The response should contain only the line with "Logo und/oder Corporate Design?" and every line after it to the end of the listing below, duplicated exactly; no picture belongs in it.

---- Data

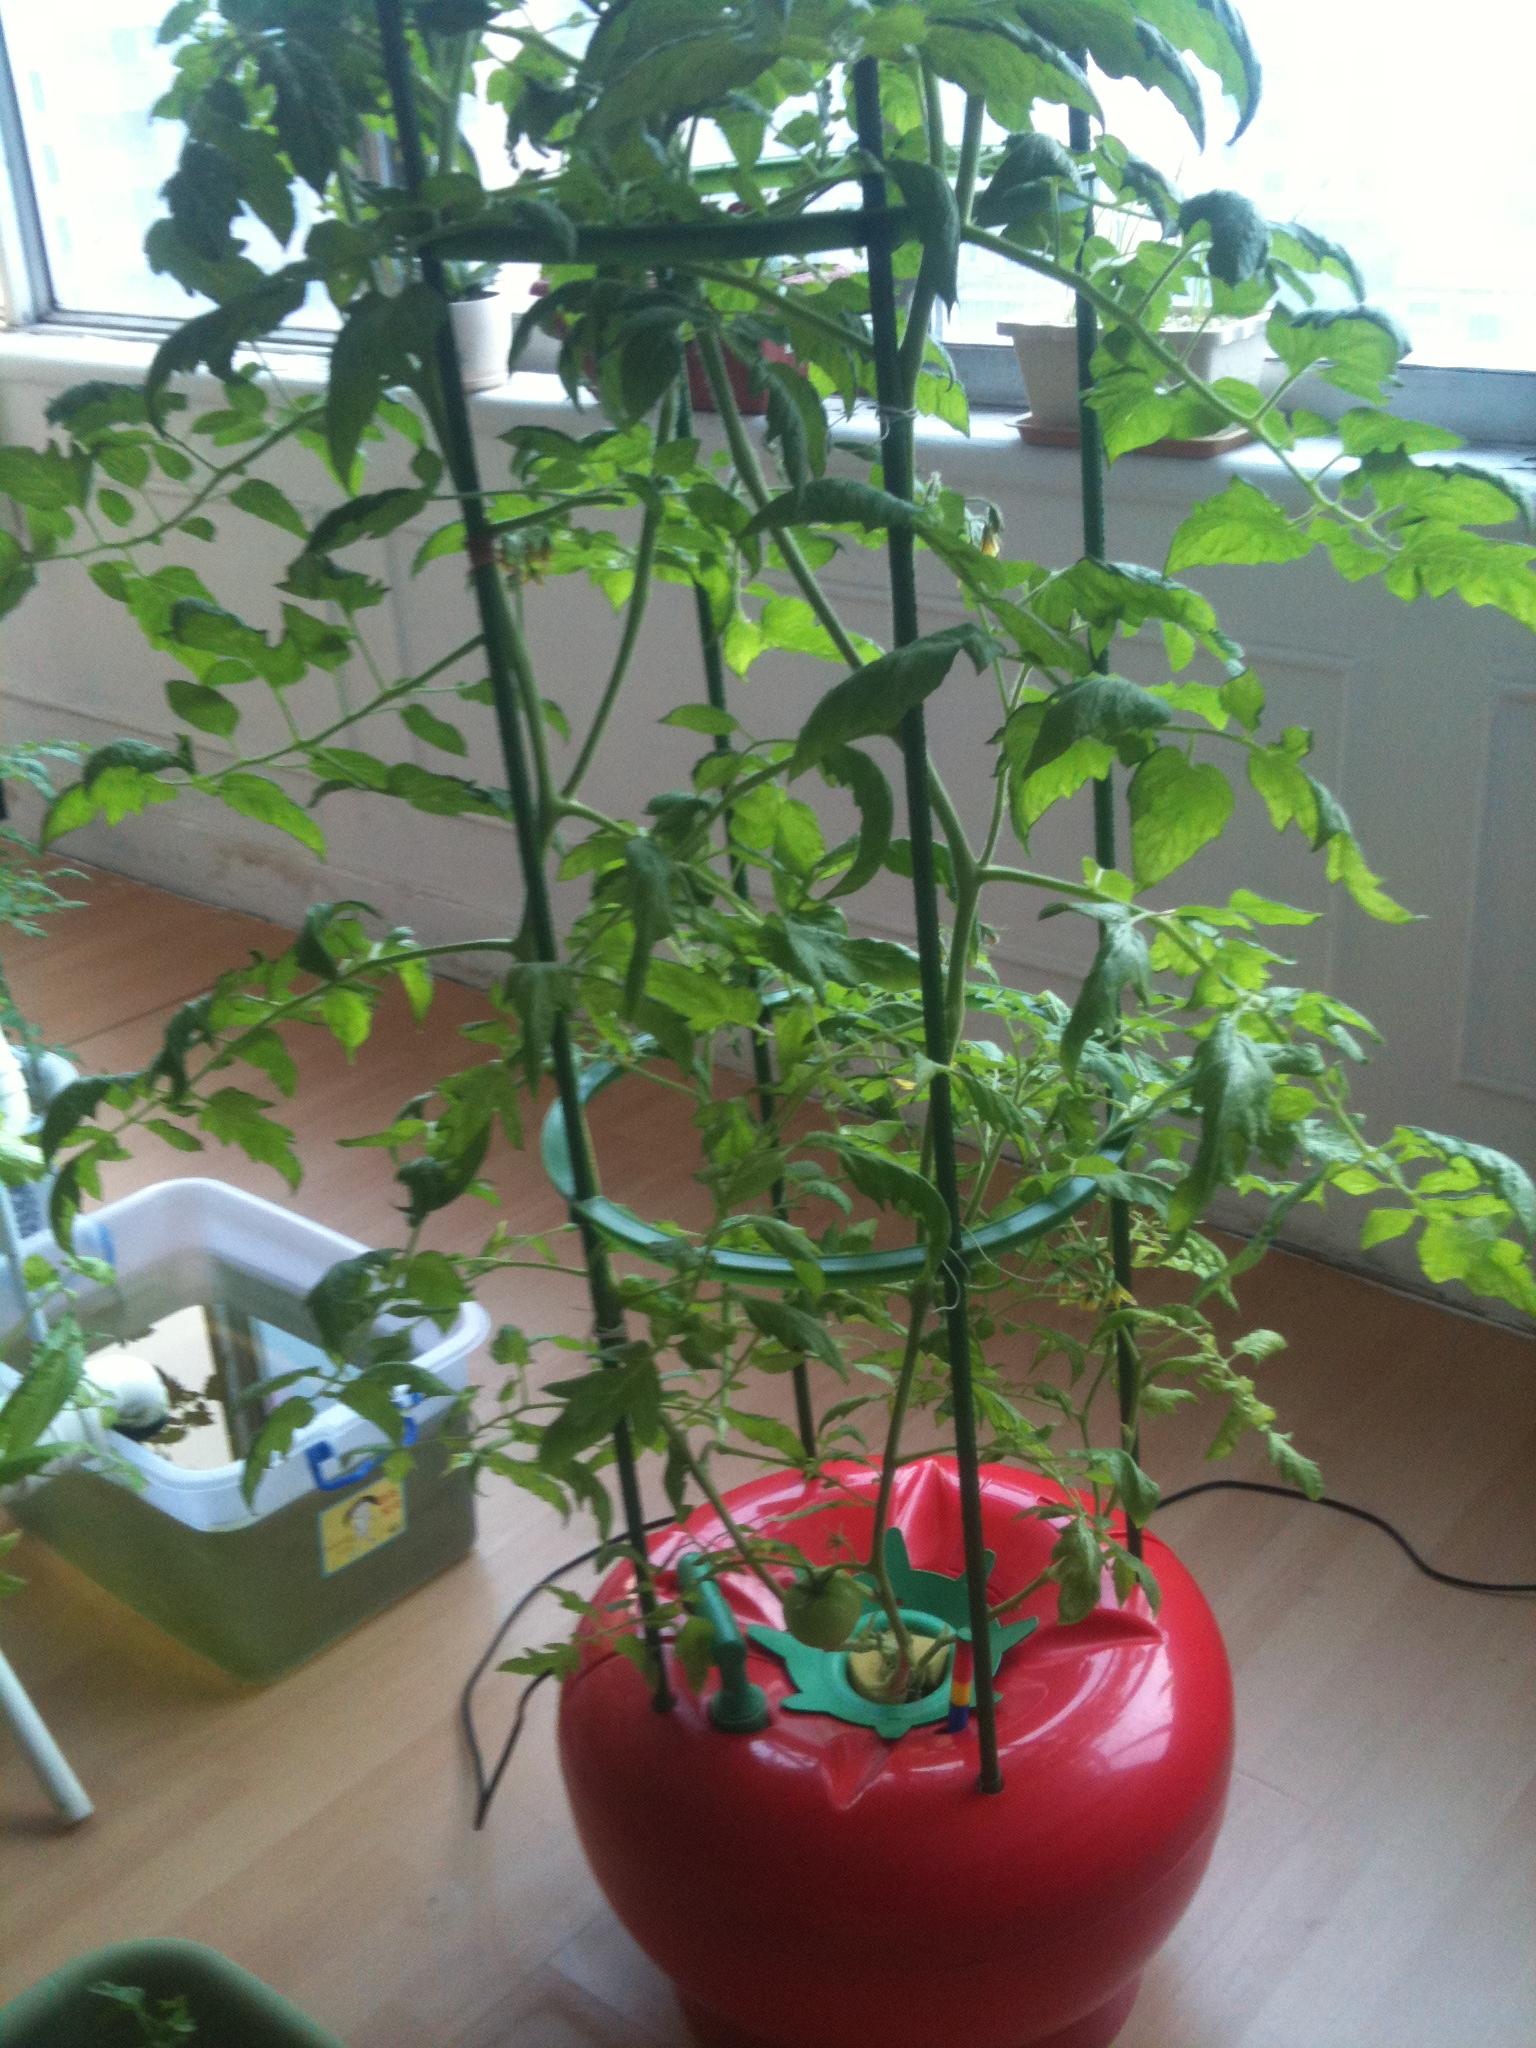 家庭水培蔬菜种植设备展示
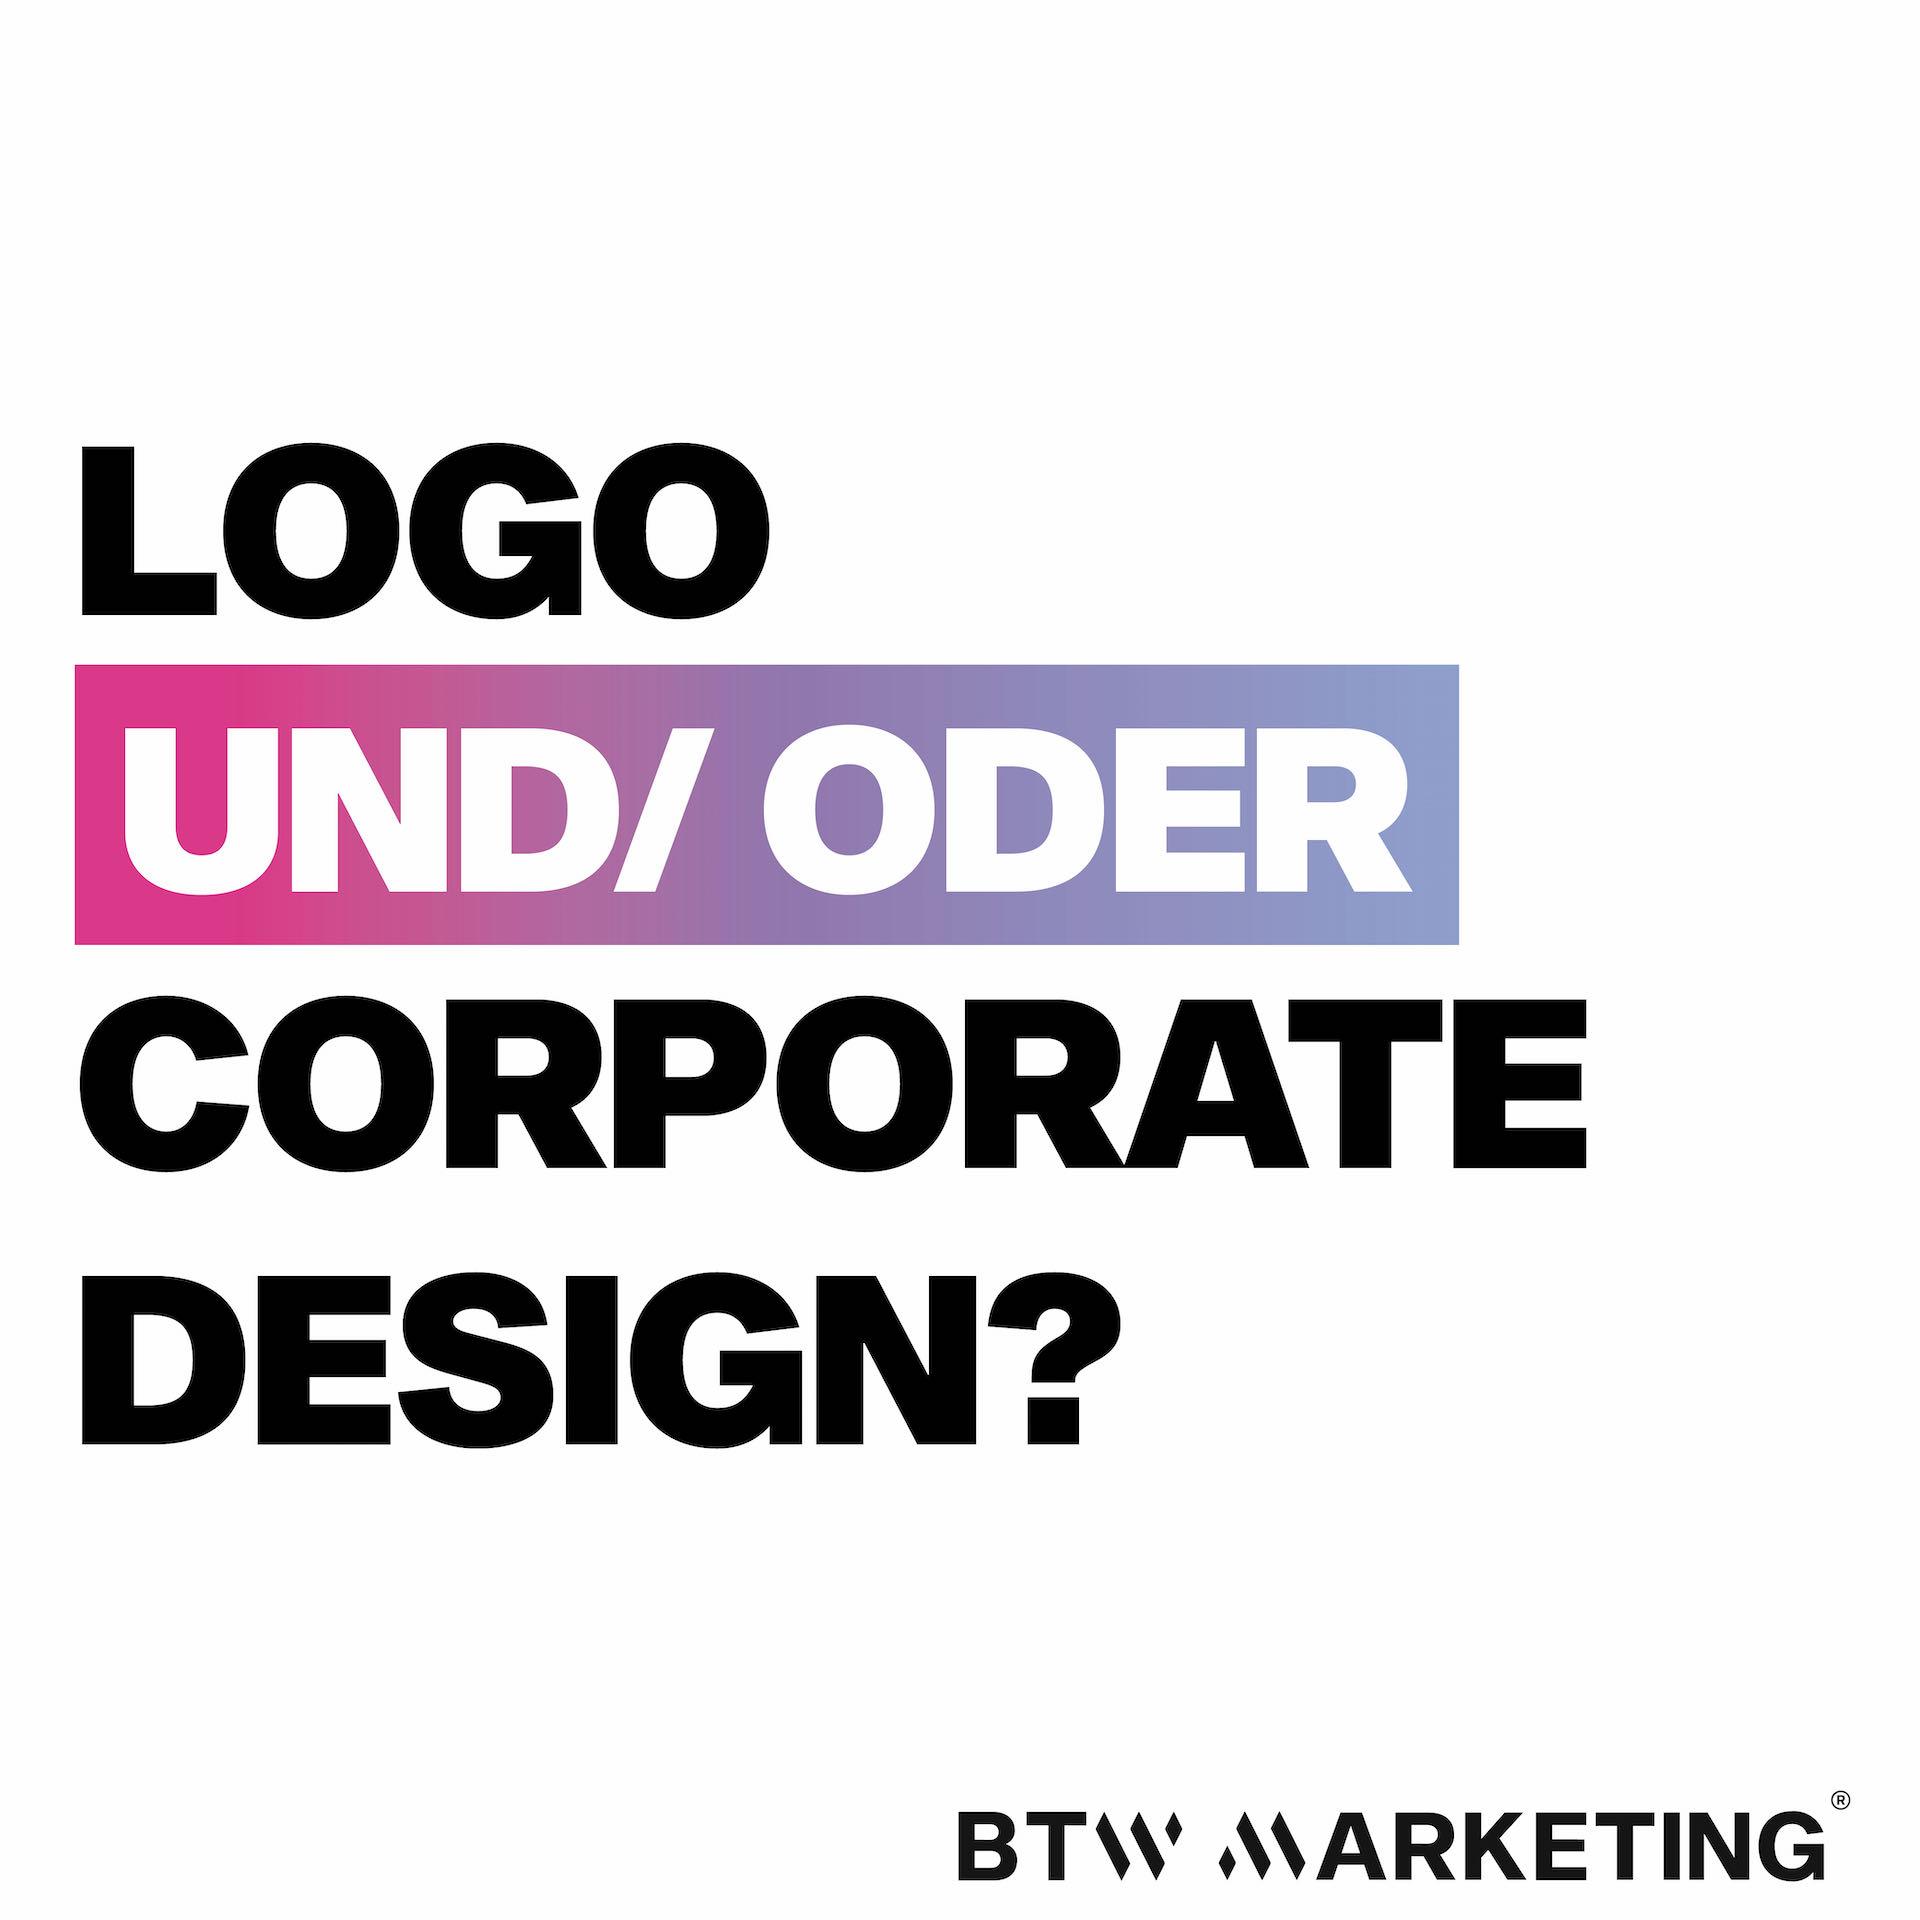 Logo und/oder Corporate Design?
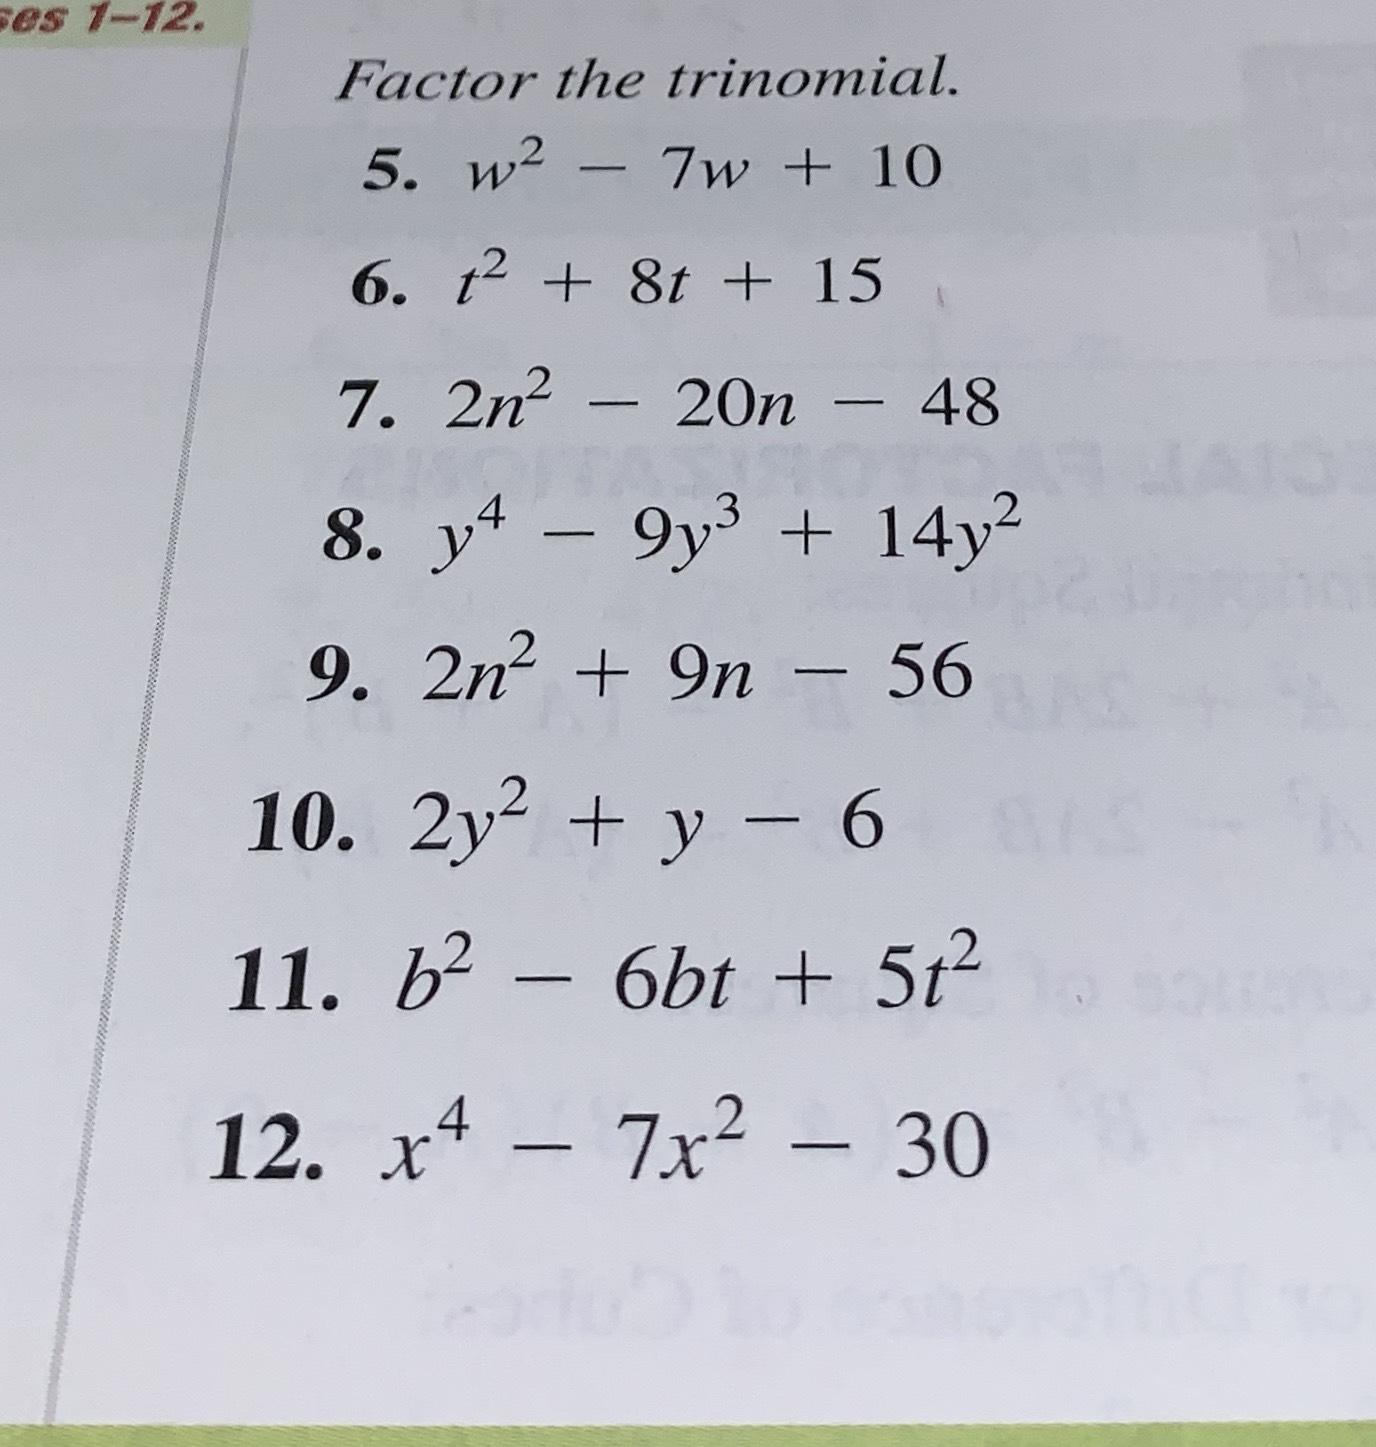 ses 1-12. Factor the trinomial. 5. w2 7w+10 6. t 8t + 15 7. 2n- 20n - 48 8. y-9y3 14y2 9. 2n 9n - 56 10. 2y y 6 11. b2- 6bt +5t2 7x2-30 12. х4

--------

Answer for the task =
 Logo und/oder Corporate Design?
 ses 1-12. Factor the trinomial. 5. w2 7w+10 6. t 8t + 15 7. 2n- 20n - 48 8. y-9y3 14y2 9. 2n 9n - 56 10. 2y y 6 11. b2- 6bt +5t2 7x2-30 12. х4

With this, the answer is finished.